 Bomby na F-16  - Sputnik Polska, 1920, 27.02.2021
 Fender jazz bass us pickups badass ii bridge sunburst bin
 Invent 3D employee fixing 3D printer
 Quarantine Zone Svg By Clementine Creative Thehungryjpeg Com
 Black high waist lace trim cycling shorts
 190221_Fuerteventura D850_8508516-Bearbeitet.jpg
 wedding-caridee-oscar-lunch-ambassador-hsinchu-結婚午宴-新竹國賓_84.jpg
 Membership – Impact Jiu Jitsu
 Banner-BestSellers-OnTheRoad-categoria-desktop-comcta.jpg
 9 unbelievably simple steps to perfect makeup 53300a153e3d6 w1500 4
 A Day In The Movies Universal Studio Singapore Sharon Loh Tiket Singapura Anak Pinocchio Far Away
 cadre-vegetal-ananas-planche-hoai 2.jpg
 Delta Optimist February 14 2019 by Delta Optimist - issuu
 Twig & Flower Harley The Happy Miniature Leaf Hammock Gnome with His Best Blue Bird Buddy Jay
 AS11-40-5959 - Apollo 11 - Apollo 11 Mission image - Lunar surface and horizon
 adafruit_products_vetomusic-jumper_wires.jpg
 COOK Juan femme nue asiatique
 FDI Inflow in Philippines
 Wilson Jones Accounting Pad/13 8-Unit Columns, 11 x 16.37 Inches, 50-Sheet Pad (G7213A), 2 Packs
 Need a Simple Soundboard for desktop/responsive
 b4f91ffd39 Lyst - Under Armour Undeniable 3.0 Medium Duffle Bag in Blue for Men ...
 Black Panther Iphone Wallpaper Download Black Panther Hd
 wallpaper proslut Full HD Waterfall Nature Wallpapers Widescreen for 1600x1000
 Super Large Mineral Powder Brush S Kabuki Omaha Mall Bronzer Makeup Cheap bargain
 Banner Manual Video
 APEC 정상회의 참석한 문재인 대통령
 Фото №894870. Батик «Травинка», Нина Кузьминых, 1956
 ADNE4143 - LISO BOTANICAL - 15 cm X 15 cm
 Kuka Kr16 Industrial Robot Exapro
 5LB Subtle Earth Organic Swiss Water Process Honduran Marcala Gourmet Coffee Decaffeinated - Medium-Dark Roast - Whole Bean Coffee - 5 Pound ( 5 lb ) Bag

**INSTRUCTIONS FOR THE TASK**
Look through the entries for lines containing the word "Blue" and return each one.

**YOUR RESPONSE**
 Twig & Flower Harley The Happy Miniature Leaf Hammock Gnome with His Best Blue Bird Buddy Jay
 b4f91ffd39 Lyst - Under Armour Undeniable 3.0 Medium Duffle Bag in Blue for Men ...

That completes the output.